Parker says to Walsh, laughing, “All on those tiny narrow shoulders!”
Walsh shrugs her narrow shoulders. “You have to stand behind your work. The specialty stores were no problem, but we got a significant amount of resistance from the department stores.”
Walsh also has to manage international markets, and with Parker’s perfume, she tells me later, she’d had to do some smart managing “because Asia [that is, Coty’s various Asian distributors] came to us and said, ‘We’d really like to launch this perfume, but it might not suit Asians so we want to do a gentle launch.’ Carlos and I said, ‘Thanks, but in that case you’re not getting the product. You launch it, or no.’ As of June ‘06 we’re in Singapore and Hong Kong and doing very well, but we’re not in Japan.” (Coty has business partners in each market around the world, affiliates and business units, and the partners make the decision on how to invest and what products to support. Their money can come from them and/or from Coty, the parent, but each country is independent.)
They talk about the skin aspect of the scent. Yvette Ross, IFF’s senior account executive, says, “I tell you, Sarah Jessica, there are people here used for skin, people we reserve to test the smell of perfumes on skin—”
Parker: “That’s so amazing!”
“—and your perfume worked beautifully on them.”
Parker: “That’s great to hear. It’s not unlike what I do for a living. Whatever is formulaic is always what gets copied. It’s the remake, it’s the endless imitation of, because that’s what people feel safe with. If a department store wants that, I understand. So the thing that makes us doubt—the risk at doing something novel, at not being formulaic—that’s exactly what we really want to do.”

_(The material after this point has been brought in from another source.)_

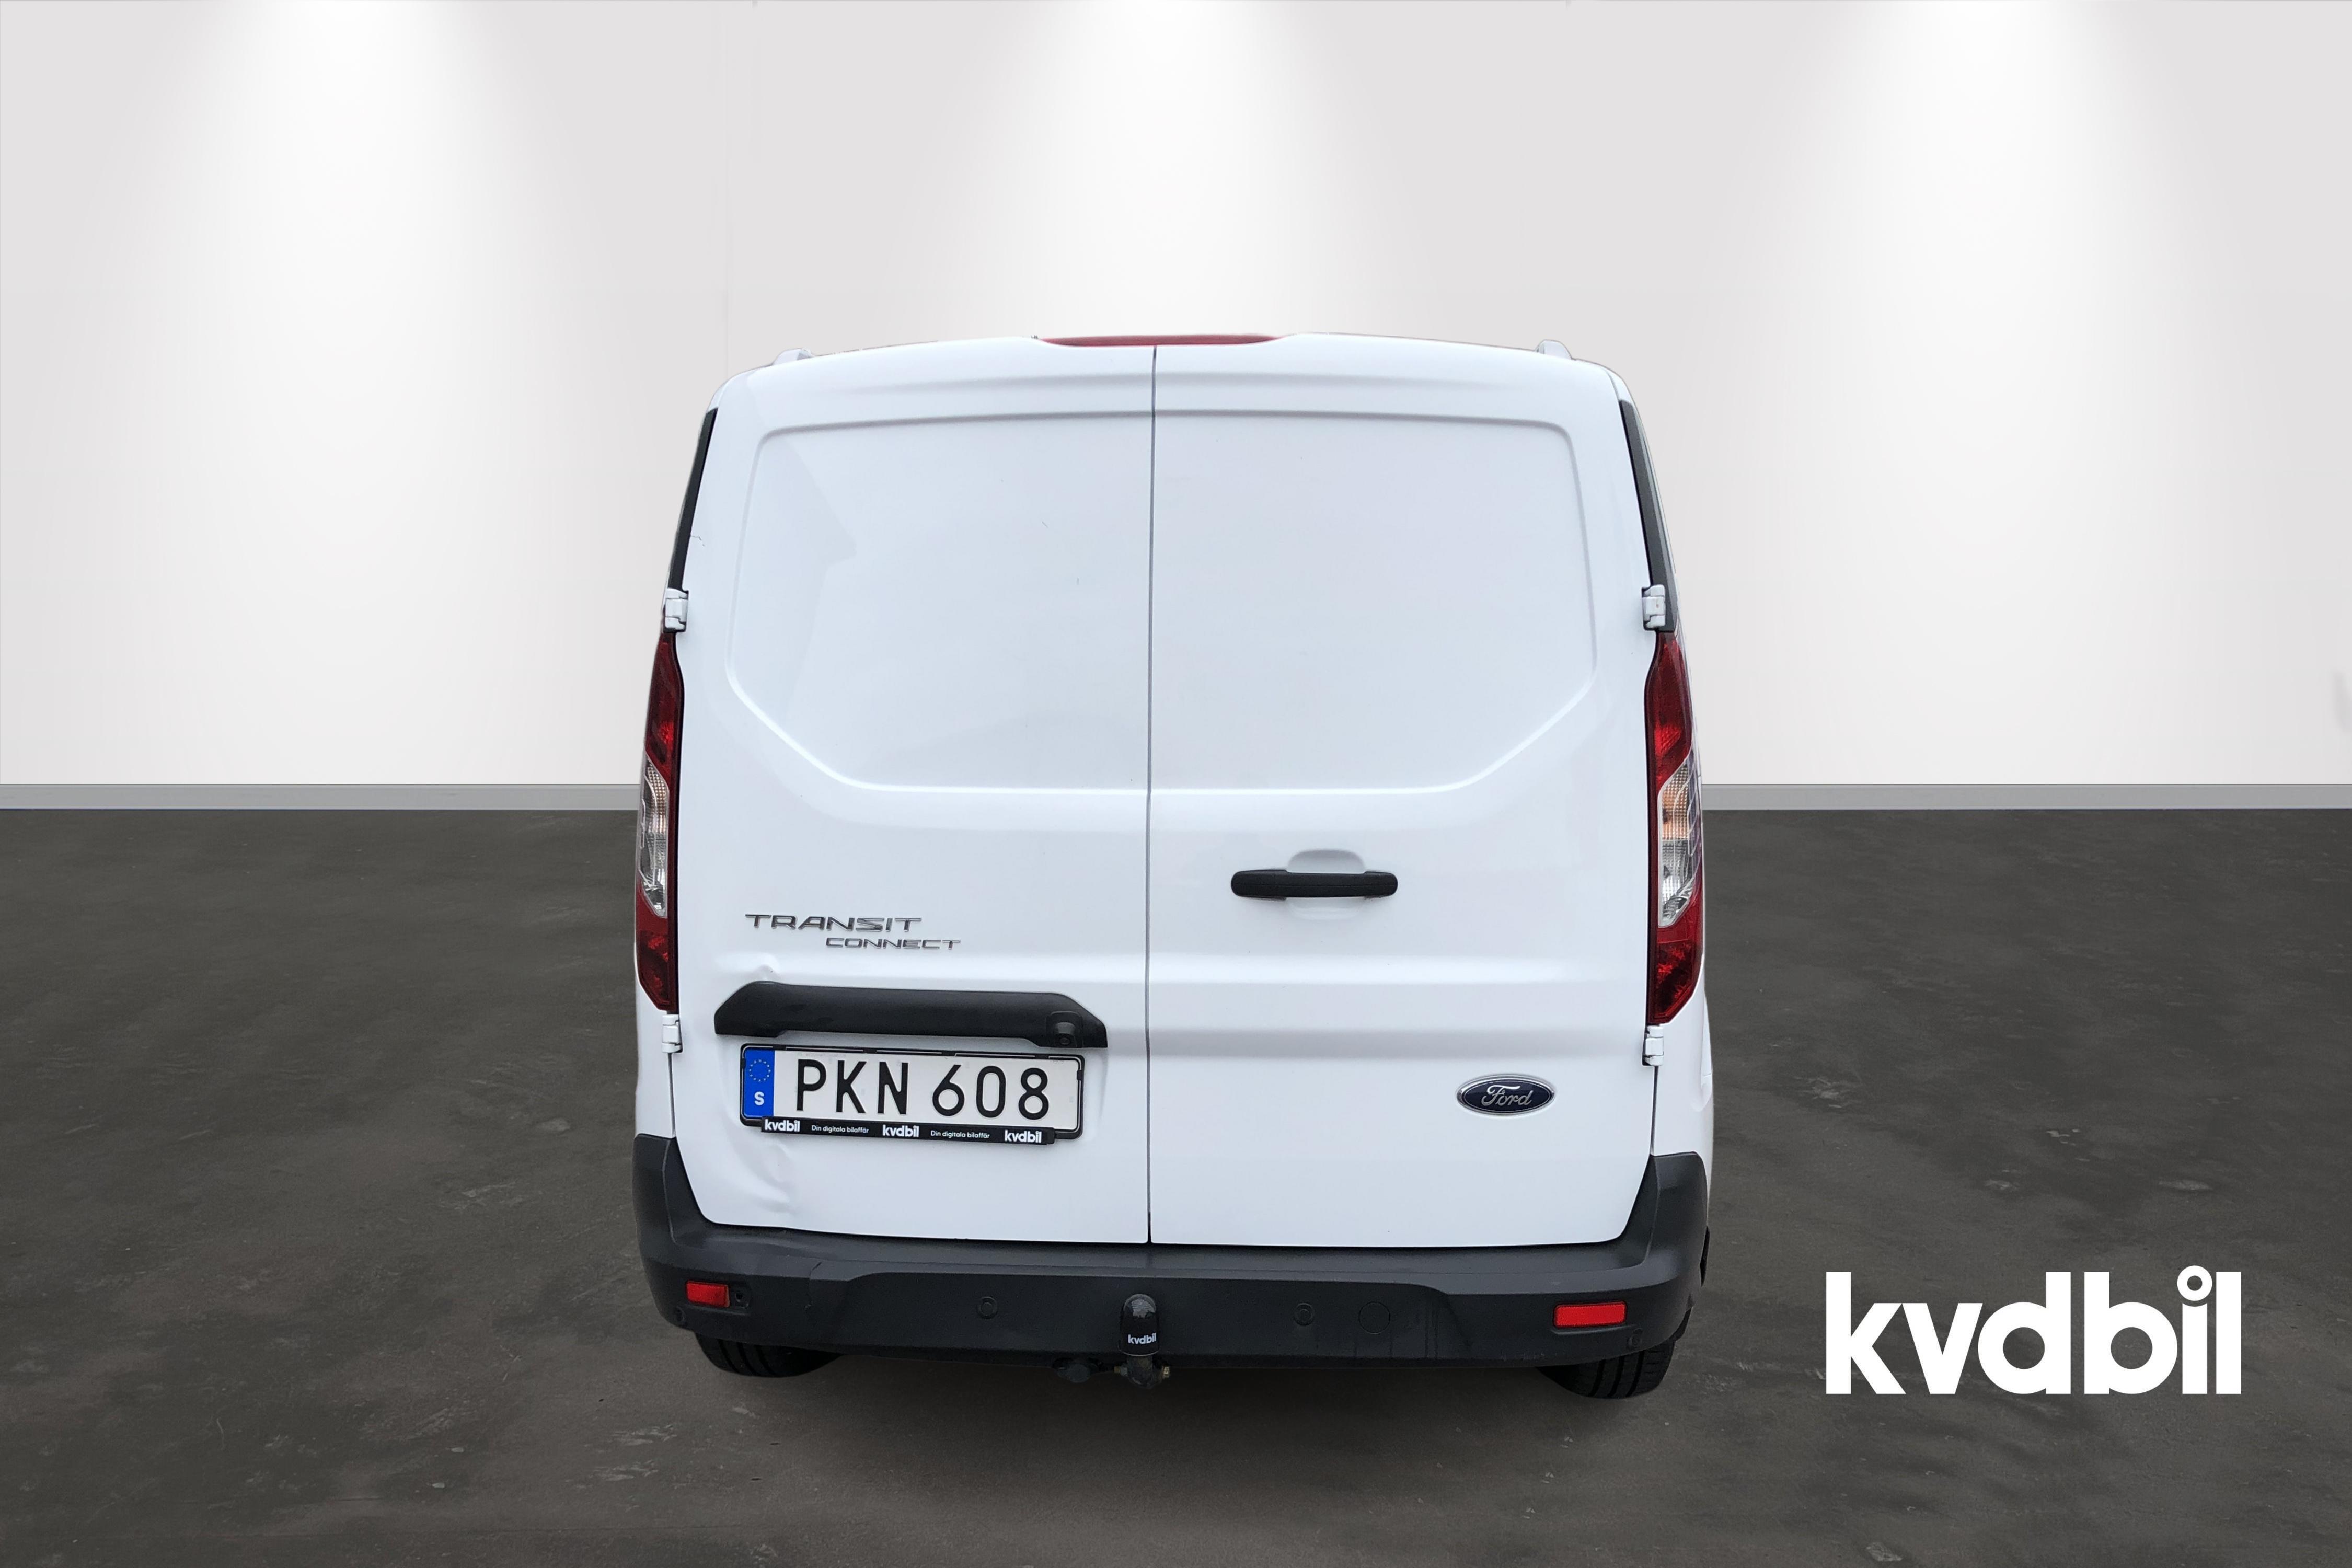 Ford Transit Connect 1.5 TDCi (100hk) - 152 850 km - Automatic - white - 2017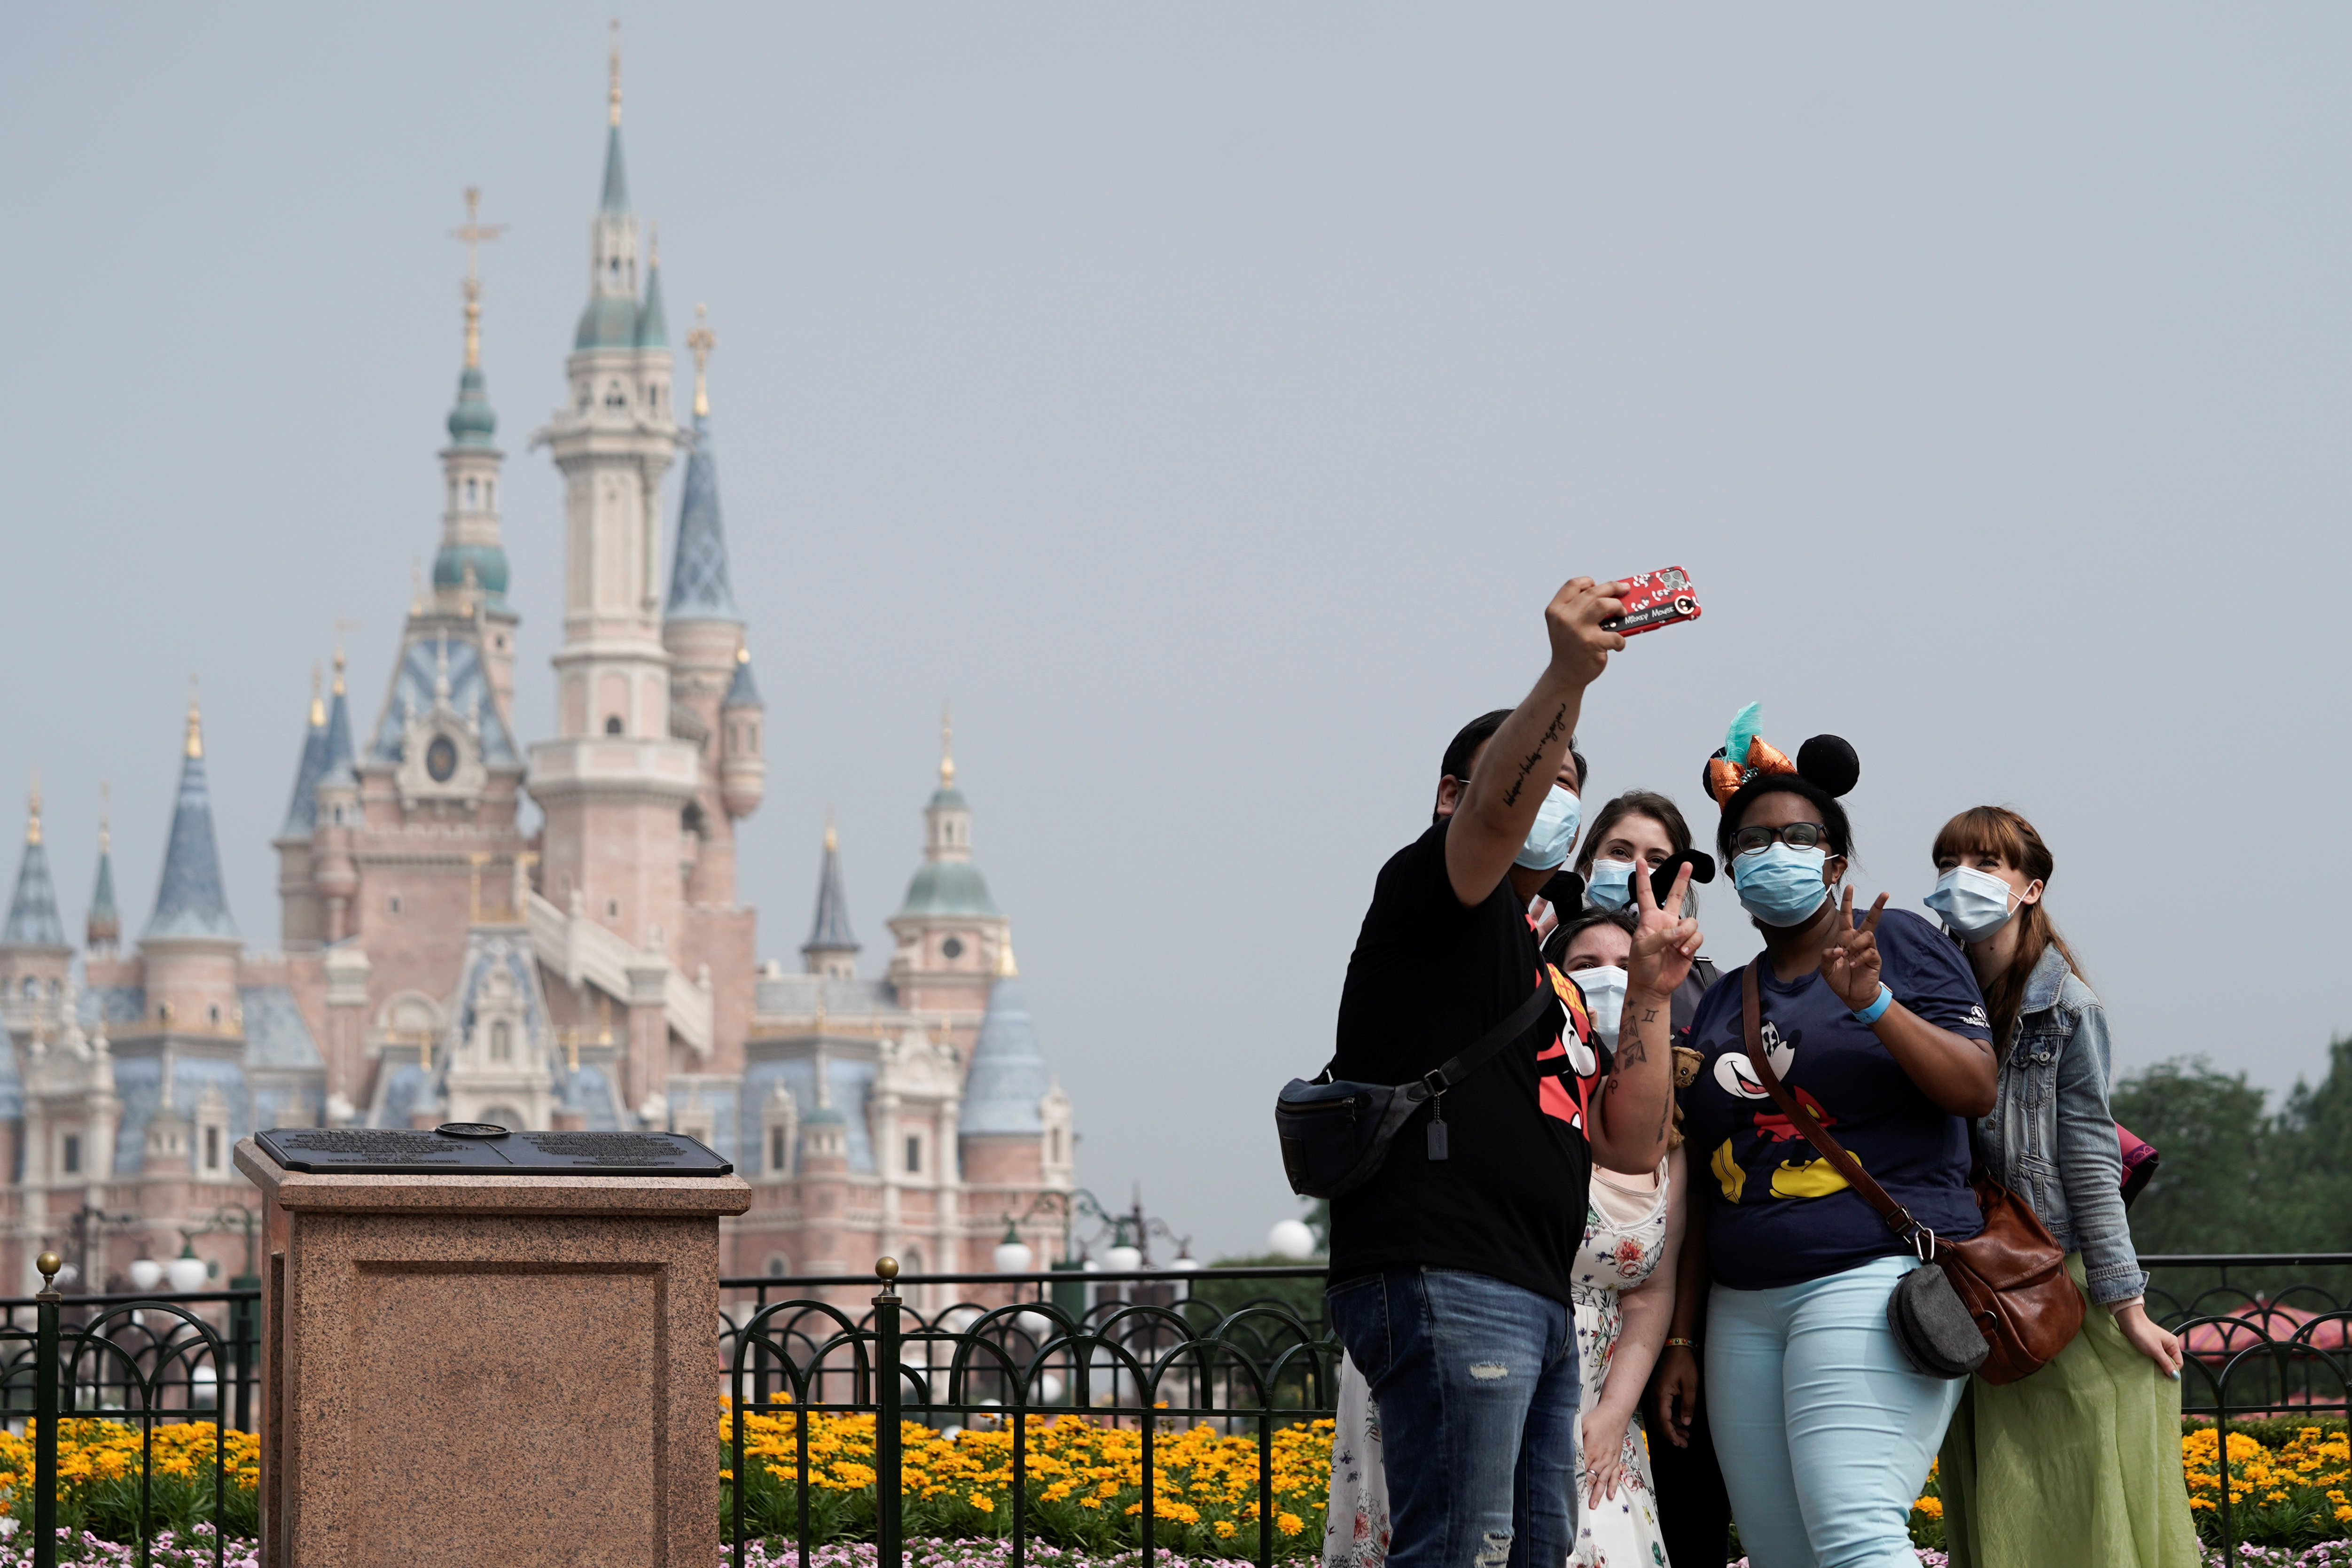 Visitors wearing protective face masks pose for a picture at Shanghai Disney Resort as the Shanghai Disneyland theme park reopens following a shutdown due to the coronavirus disease (COVID-19) outbreak, in Shanghai

“Which is why we made the marketing for Lovely different,” says Carlos Timiraos. He explains that Belinda Arnold spent months with Ina Treciokas, SJP’s press rep, figuring out exactly “where they’d be,” as they phrased it (they meant what stores their visuals would appear in, in which publications their ads would appear, their overall presence) and how to get themselves into the places they wanted to be. “We held back on some PR at first. We paced ourselves.” Gradually they opened up a huge and very expensive campaign, but Coty carefully chose their media partners. “We had an exclusive with Vogue, that was great, and people are still talking about it, then Us Weekly.” He realizes, asks Parker, “Have you seen the letters to the editor?”
Parker: “No!”
Timiraos: “I’ll show them to you.”
Walsh gets up and presents Parker a bestseller chart of numbers from NPD, the perfume industry’s Billboard. “We’re in stage five [of the launch], and we still have several phases to go. Nordstrom really appreciated the scent.” (Due to its prestige, Walsh gave Nordstrom a “soft launch” exclusive on Lovely for the month of July 2005.) “But Nordstrom doesn’t do a lot of theater.” She means that unlike Macy’s and Bloomingdale’s, Nordstrom doesn’t do large visual displays. “Now,” says Walsh, and Parker’s BlackBerry goes off, her ring a series of gentle bells. Parker grabs it and says, “Sorry!” hits the buttons, and the ringing stops. Walsh points at the monthly figures. “Now these are from the fourth week in July till the third week in October.” (Lovely’s fiscal year as a brand coincides with Coty’s fiscal year, which starts July 1.) She points at the figures as she goes; Parker is absorbed. “We were $550,000 [sales] per week here, then $625,000. Then we dipped and you did personal appearances, and see where it went? Then we go up to an $800,000 week when we go on Oprah.”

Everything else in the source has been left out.